第一百章
这次的玩闹就像一个开端,当天晚上杭峰就接到了国家队范铭总教练的电话。
范总说:“这两天白山下雪了,预计一周内的降雪厚度就可以达到滑雪的标准,到时候国家队就会过去训练。你休息够了就尽快赶过来吧,最后这一周我们会重点抓气垫,你现在正需要气垫训练。”
气垫训练需要在陆地上搭建钢架,仿照过山车一样的结构原理,由特殊材质在半空中搭建成一个类似于滑道的斜坡,运动员在通过斜坡的加速后,会滑上跳台完成空中的技术动作,最后落在一个巨大的气垫上。
气垫是非常专业的训练道具,而且建造价格不低,大部分省队不会配备这样的训练器材,要训练只能去国家队借用。
南省滑雪训练队也有气垫,但无论规格还是品质都不能和国家队的比,应对省一级的训练足够,但杭峰这个水准已经不够用。
杭峰要想将成绩稳定,或者超过四周半,就必须上气垫才行。
蹦床的自由度到底是不如气垫的。
范铭这边打电话来是建议,其实语气多少也有点强硬,半是命令的要求杭峰参加气垫训练。
杭峰在国家队的手续已经办下来,是正经的国家单板滑雪队的一员,他为了参加滑板速降赛已经被特殊待遇,如今所有的比赛都结束,总不能说自己的还要读书的杭峰也没了借口,自然只有答应。
再说已经确定目标的他,也没有拒绝的必要。
唯一要说让他犹豫的就只有和唐隽的分离吧。
两人刚刚表白在一起不久,亲密度是每天都进步一大截,别说杭峰是个正经健康的男性,就是他原先还想慢慢来,这样每天黏黏糊糊的,不该有的念头也有了。
唐隽在他身边比娃娃还软,杭峰很清楚自己但凡伸出手指头戳一下,唐隽就得倒下,怎么都可以。
正常人,谁受得了这让人鼻血汹涌的猜想和期待。
杭峰接范总电话的时候所有人都在,大家都在期待他接下来在冰雪项目上的征程,他爸老杭同志甚至已经打电话给陈虹女士收拾行李了。
于是,在一众喜大普奔的人群里,即将面临分离的“小两口”,唯独品出了不是的滋味。
“算了,我陪你回去一趟。
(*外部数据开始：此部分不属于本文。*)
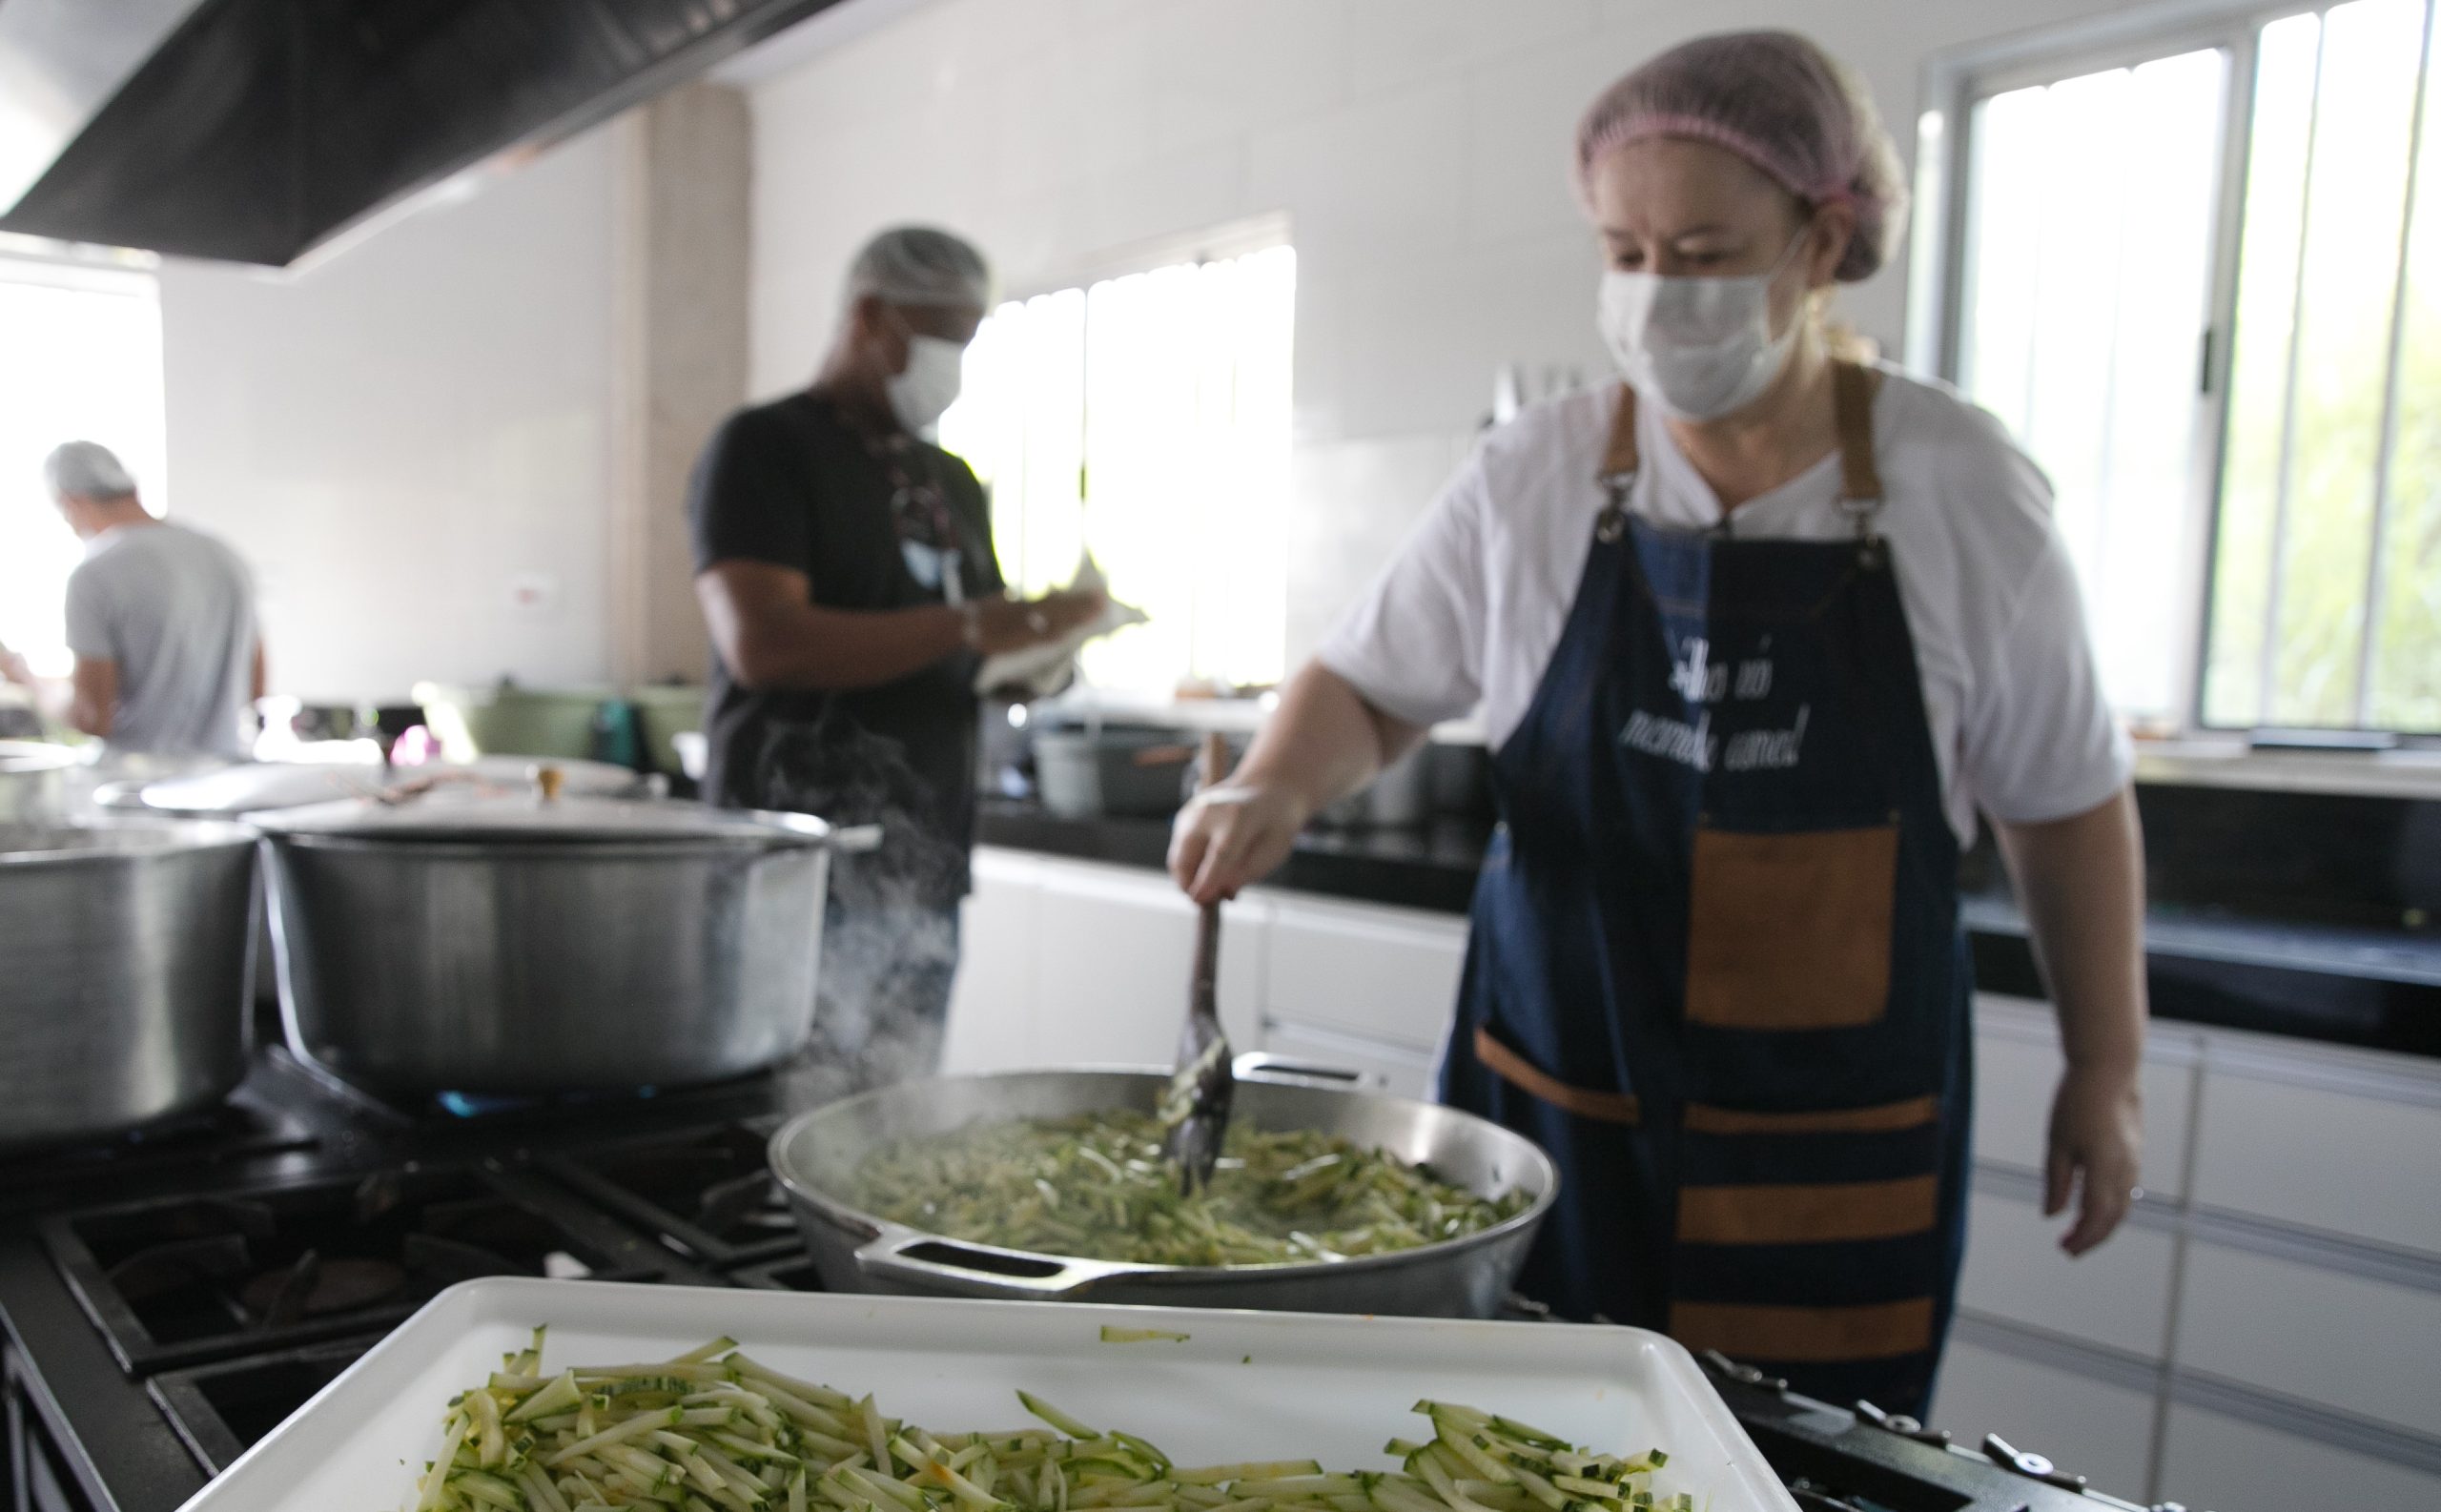 “Dai-lhes vós mesmos de comer”: iniciativa da Catedral Cristo Rei multiplica a partilha de alimentos e esperança

”老杭同志乐呵的不行,高兴的起身跟上,“这次离开怕是短时间回不来,气垫上了还得去白山训练,接着就要打全国联赛了吧,联赛结束紧接着就是洲际杯,你不是还想跟着国家队去外训吗?没有两三个月你回不来,准备的东西多了去了,估计还得邮寄一些过去……”
老杭同志絮絮叨叨的,后来又说了什么也没听清,正热恋的小两口就听见了“两三个月”这么一个词,那离别的情愁啊,能把人裹成个茧子,emo在黑暗里。
杭阳看看弟弟,又看看自家欢欢喜喜的老爹,挺身而出:“我跟着回去吧,你车钥匙给我。”
接着不容置疑的就从老杭同志身上摸出了车钥匙。
老杭同志一看,只能这样。
再说阿拉法特这边还需要人招待,他作为浪域的经营者,留下也更方便。
只能说:“明天还得过来吧?行吧,开车慢点。”
范总喊的急,明天出发后天训练也算是正常安排,只是留给杭峰和唐隽的时间实在不多,要是他爸跟着回去,别说这一路回去说不了话,就是回了家也被按在家里出不来了。
最起码要陪到唐隽去上晚自习吧。
杭峰给了他哥一个感谢的眼神,先对阿拉法特道了歉,又和简定好了京城见面的时间。
简虽说要走,但也不是现在,肯定会跟去京城带一段时间训练,到时候就算要走,从京城出发也方便。
阿拉法特则说:“听说华国的白山千年积雪万年松,是华国的第一雪山,等你进行户外训练,我也会过去看看,到时候见。”
与大家告别,杭峰和唐隽坐上了杭阳开的车。
他们从滑雪场出来,就在市区里吃的饭,距离住处并不算远,此刻天还亮着,还有一个来小时才上晚自习。
杭阳把车开回小区,说:“我在车里玩会儿手机,一个小时后一楼见。”
杭峰探头:“谢啦哥。”
杭阳不耐烦地摆摆手,转头看见唐隽从耳廓蔓延到脖颈的红,玩味地笑了。
也不是支持弟弟和男生谈恋爱,只是觉得这份感情绝不轻浮。都是在各自领域有所成就的人,这样的人就算年纪小做任何的决定也会仔细考虑,什么事情一旦认真了就值得尊重。
杭阳只是希望弟弟在感情这件事上能够自由决定,而不是在还没有成长起来之前,就被外力影响。
谁说初恋就不配有好结局?
他倒是想要看到那个最好的结局出现,也是人生的一份美好。
得了哥哥的配合,杭峰和唐隽下了车自然是往唐隽家里走。
如今那小屋就像两个人的家,温馨又安全,装的都是他们的快乐。
一路无话进了屋,唐隽先去把晚自习的书本准备好,又打开电脑,连上打印机,打印出了厚厚的一沓试题,都是让杭峰带走无聊的时候刷的。
细细研究,杭峰喜欢刷题,并不是因为他喜欢读书,而是不知道怎么就养成了刷题减压的习惯。
唐隽在充分了解杭峰之后,他拿给杭峰的题都非常的符合杭峰的喜好,就像去做一个非常有趣的游戏一样,有些题甚至不需要过脑子就可以得出答案。
这样不仅仅可以非常有效地降低杭峰的压力,还可以巩固杭峰的文化基础,同时在习题册里偶尔加入一点新的知识点,也可以让杭峰跟上现在的课程,继续保持他的“文体两开花”。
这边打印机“唰唰”的打印着文件,那边唐隽就被杭峰圈在了座椅靠背上,额头、脸蛋、鼻尖,就连眼睑都被珍惜眷恋地亲了又亲。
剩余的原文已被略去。